> [INFORMATION PROVIDED]
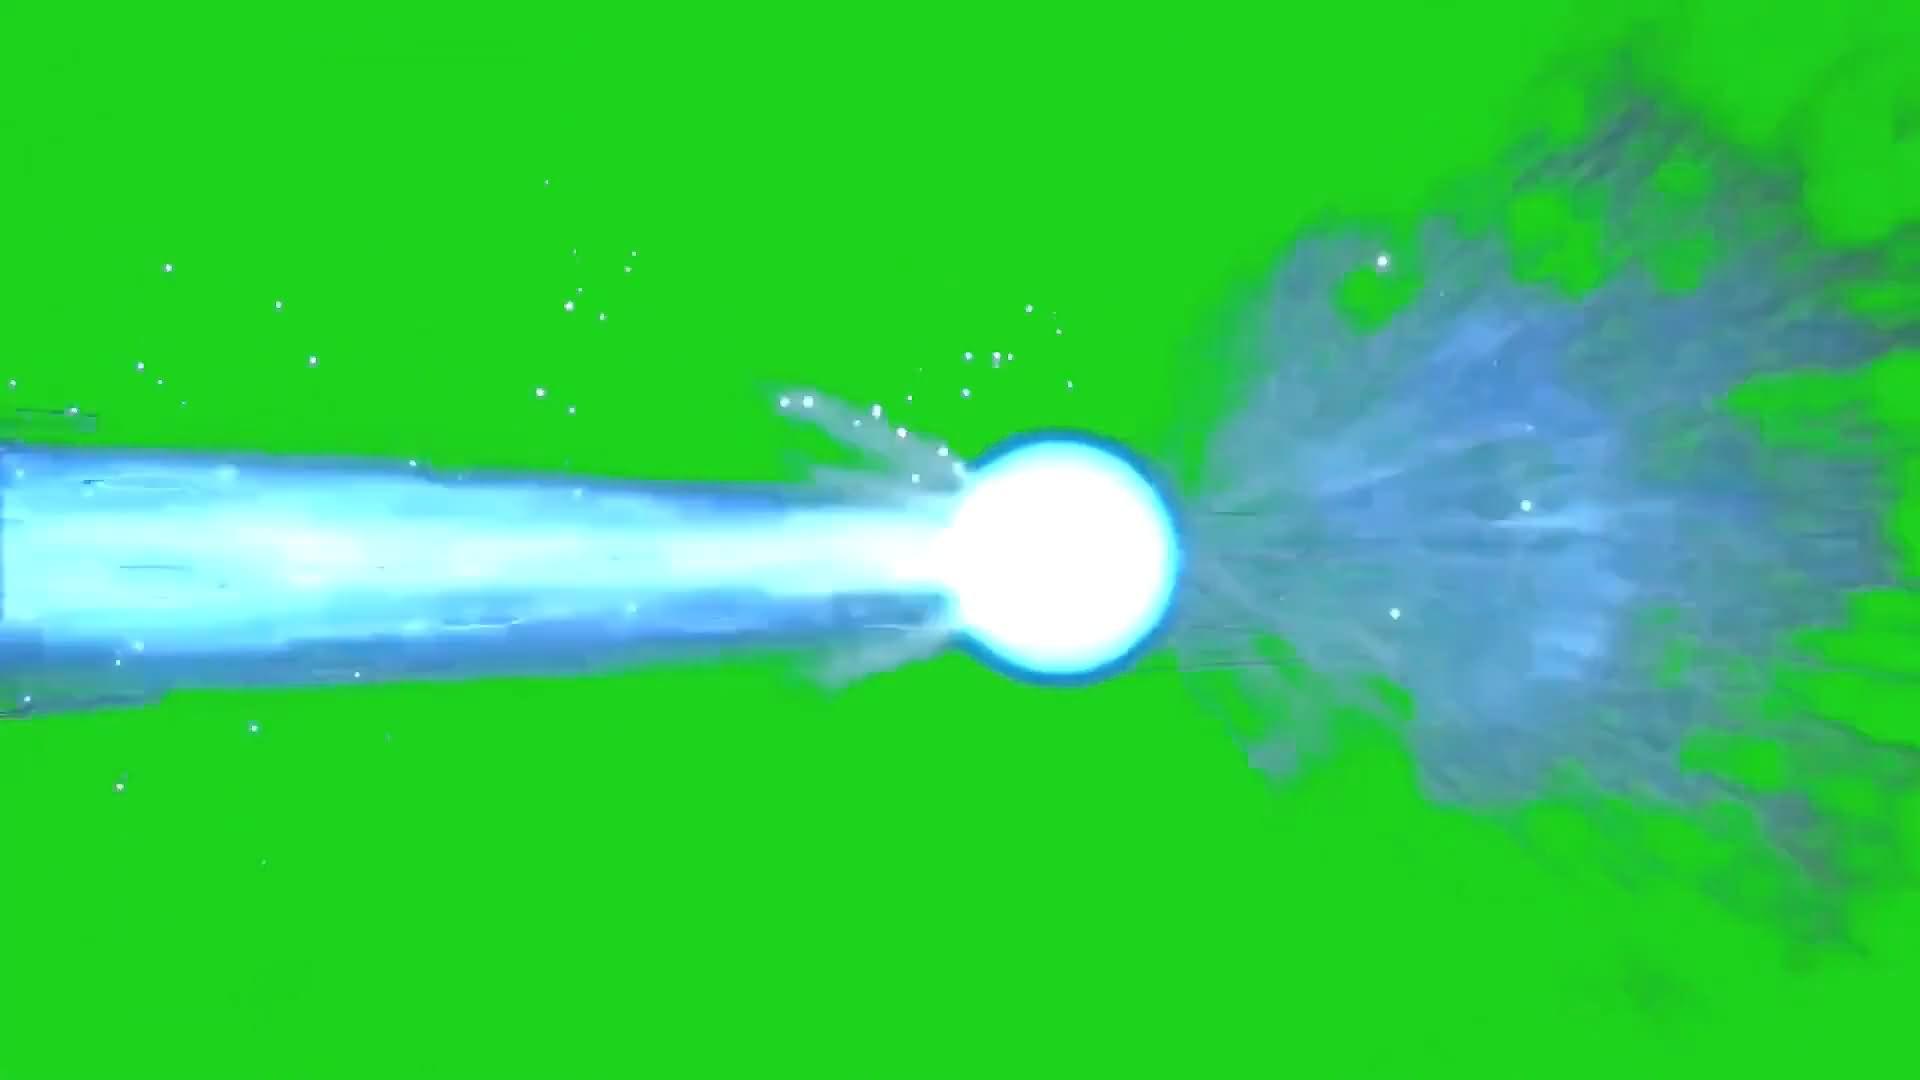 绿屏冲击波能量球.jpg
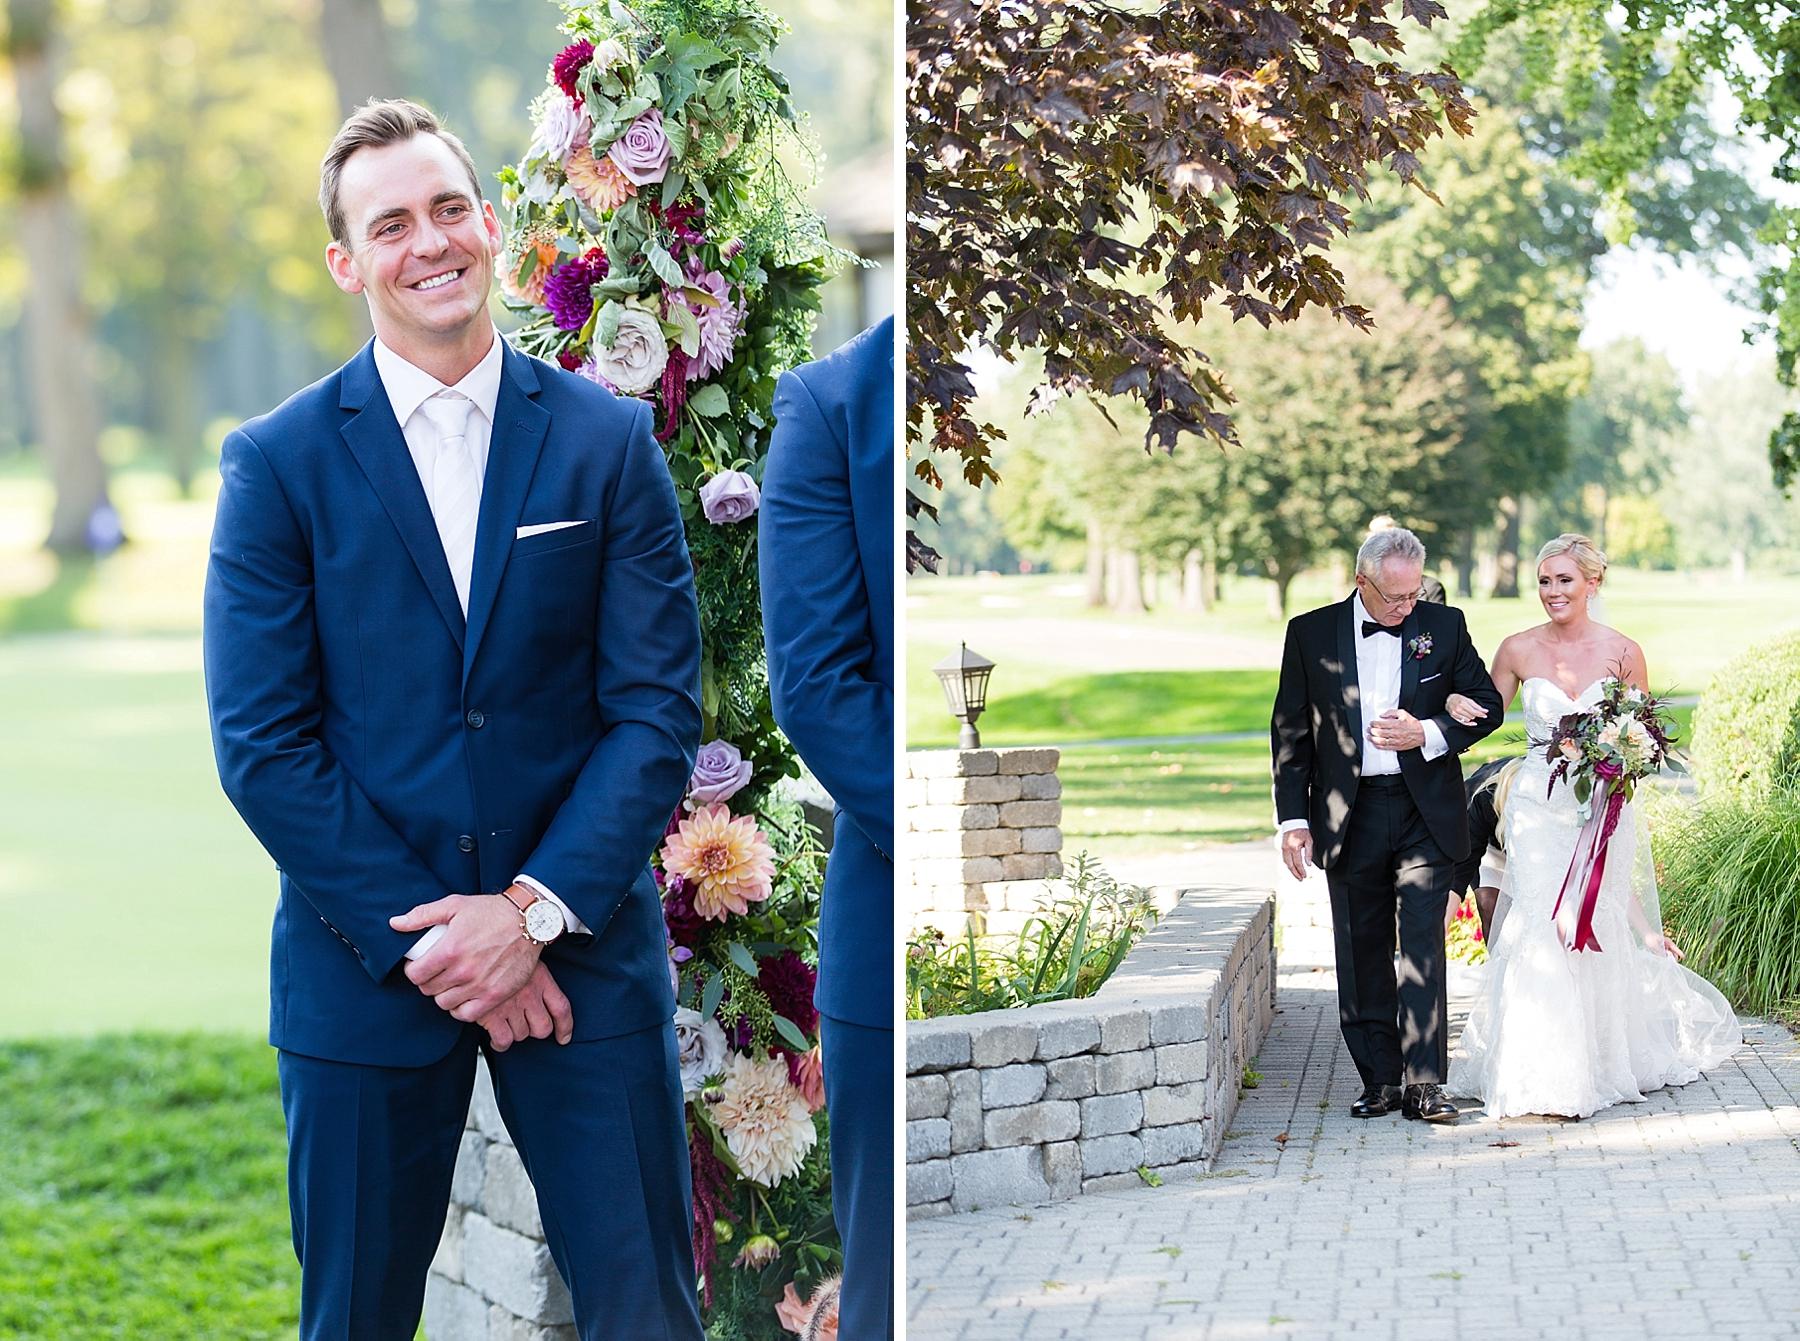 windsor-wedding-photographer-essex-golf-country-club-wedding-eryn-shea-photography_0023.jpg
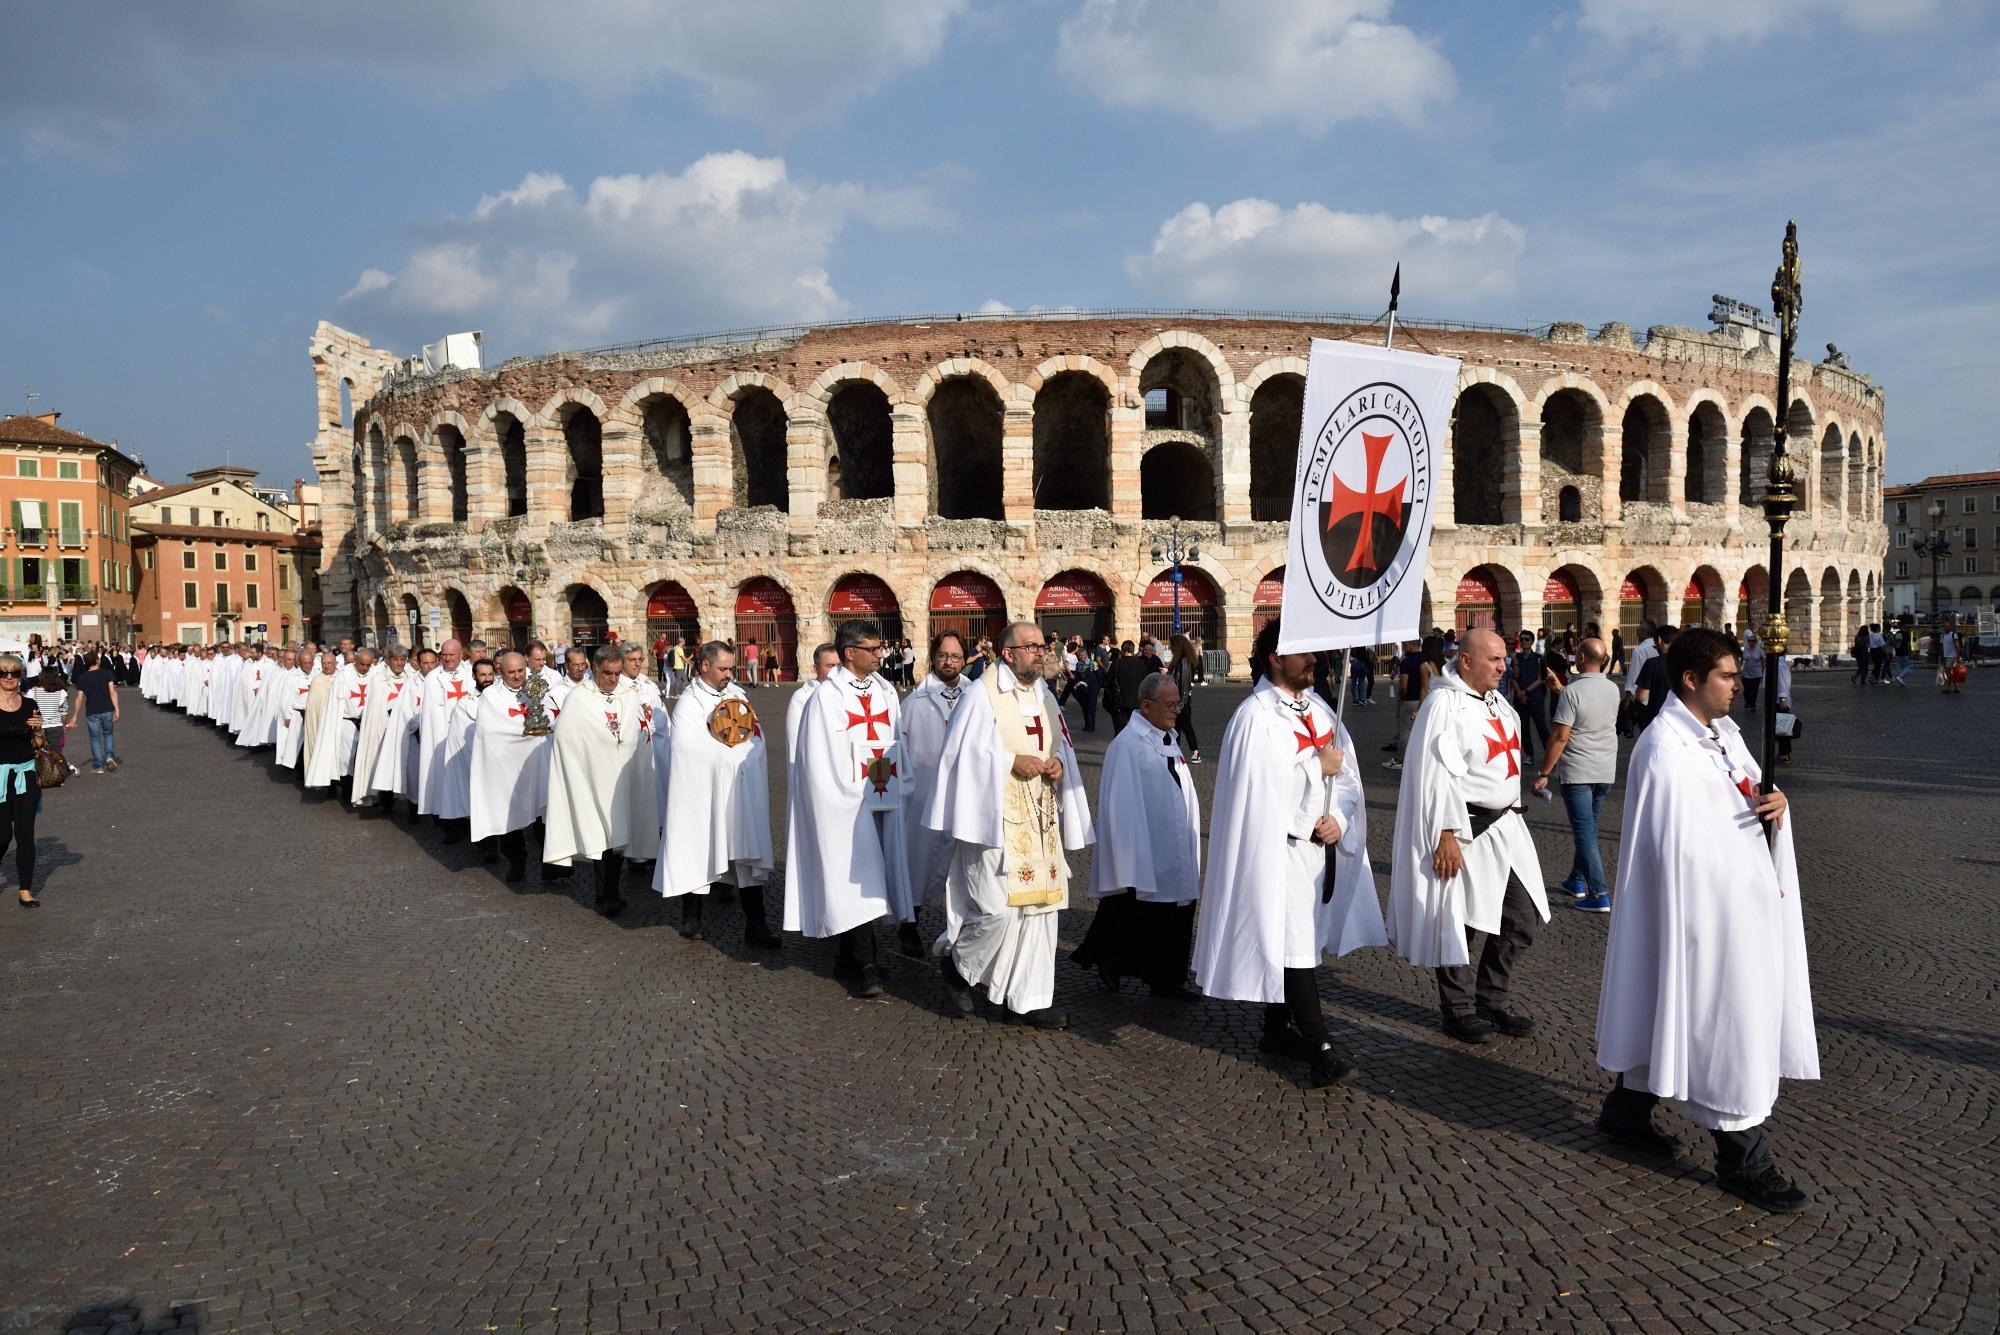 Milczacy marsz wiary w Weronie – 2019

> [EXERCISE GOAL] Exclude every picture, then reproduce the remaining data character for character.

> [TASK SOLUTION]
 绿屏冲击波能量球.jpg
 windsor-wedding-photographer-essex-golf-country-club-wedding-eryn-shea-photography_0023.jpg
 Milczacy marsz wiary w Weronie – 2019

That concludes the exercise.